Auch wegen Trumps Zollpolitik: Schwandorfer Nabaltec AG erwartet weniger Umsatz

Aktuelle Währungseffekte und vor allem die Marktunsicherheiten vor dem Hintergrund der US-Zollpolitik haben die Nabaltec AG veranlasst, ihre Umsatzprognose für das Geschäftsjahr 2025 anzupassen.

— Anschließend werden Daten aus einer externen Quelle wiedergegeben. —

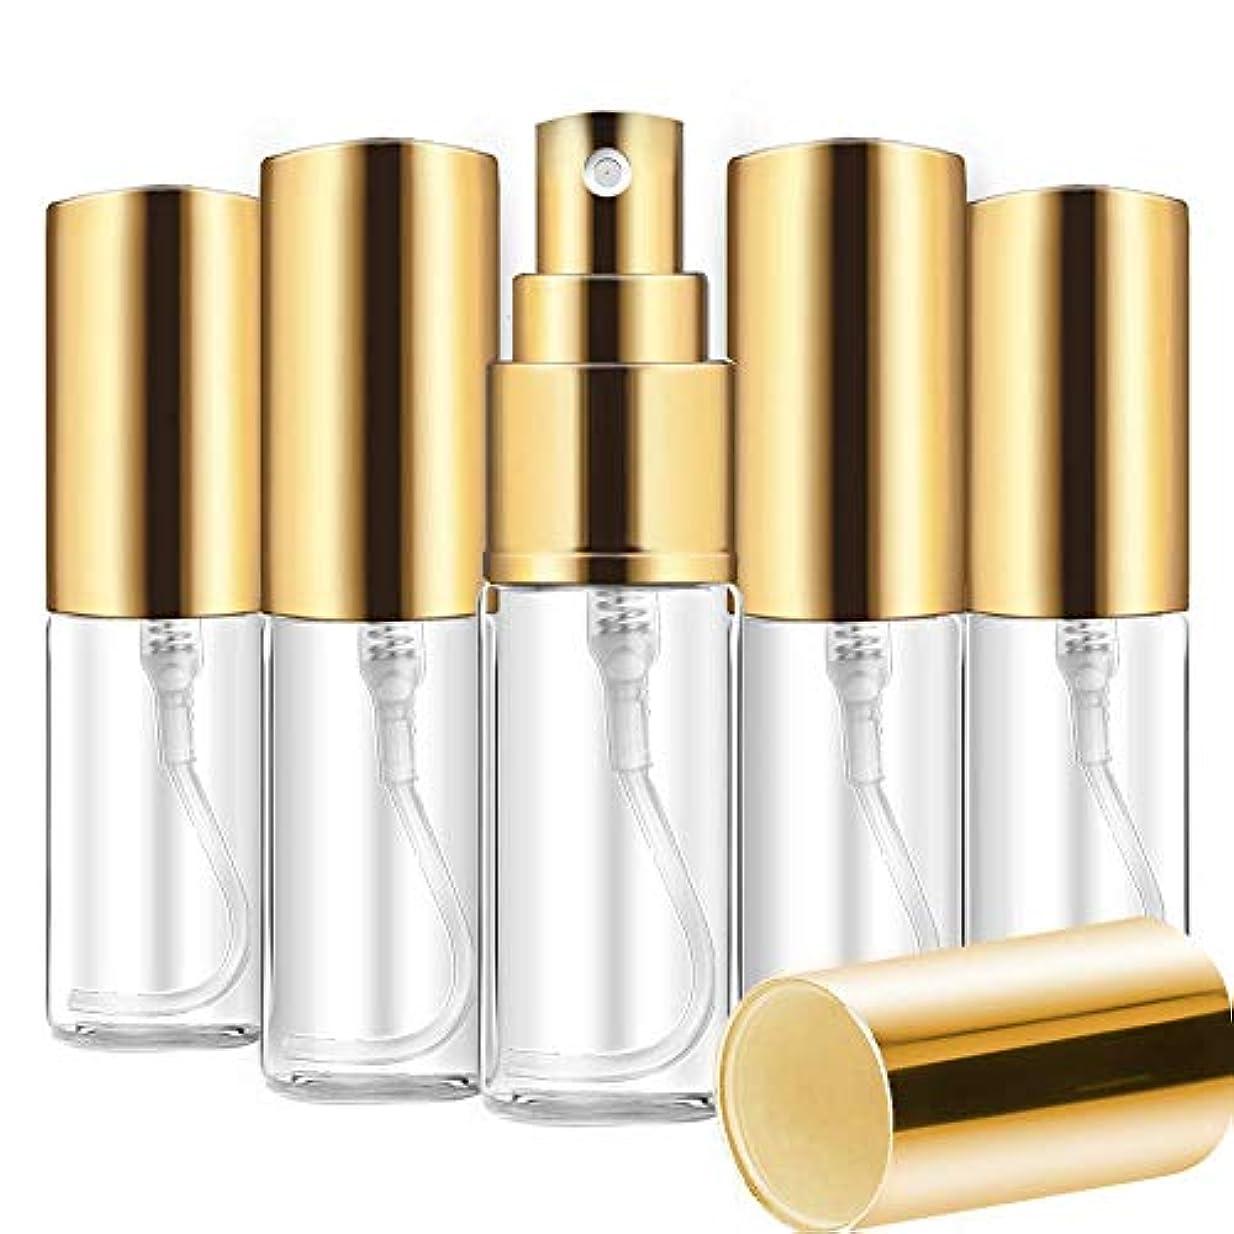 我慢する階段スロベニアAomgsd 香水噴霧器 香水アトマイザー スプレーボトル ガラス 香水詰め替え ミニ 携帯便利 軽量 上品 5ml 5本 (ゴールド)

Das Schwandorfer Unternehmen, das im Vorjahr einen Umsatz von 203,6 Millionen Euro erzielt hatte, geht demnach davon aus, in diesem Jahr um bis zu zwei Prozent weniger erwirtschaften zu können. Nabaltec war in der ursprünglichen Prognose noch von einem Umsatzanstieg gegenüber dem Vorjahr von drei bis fünf Prozent ausgegangen.
Als Belastung für die Entwicklung von Nabaltec nennt das Unternehmen in einer Pressemitteilung auch die anhaltend schwache Nachfrage nach Produkten für die Feuerfestindustrie sowie die E-Mobilität. Beim operativen Ergebnis, also beim Gewinn vor Zinsen und Steuer (EBIT), hält man dagegen an der Bandbreite von sieben bis neun Prozent fest. 2024 hatte diese Marge bei 10,8 Prozent gelegen. Im ersten Halbjahr 2025 war ein Gewinn von 8,9 Millionen Euro erzielt worden gegenüber 10,9 Millionen Euro im Vorjahr. Nabaltec produziert in Deutschland und den USA.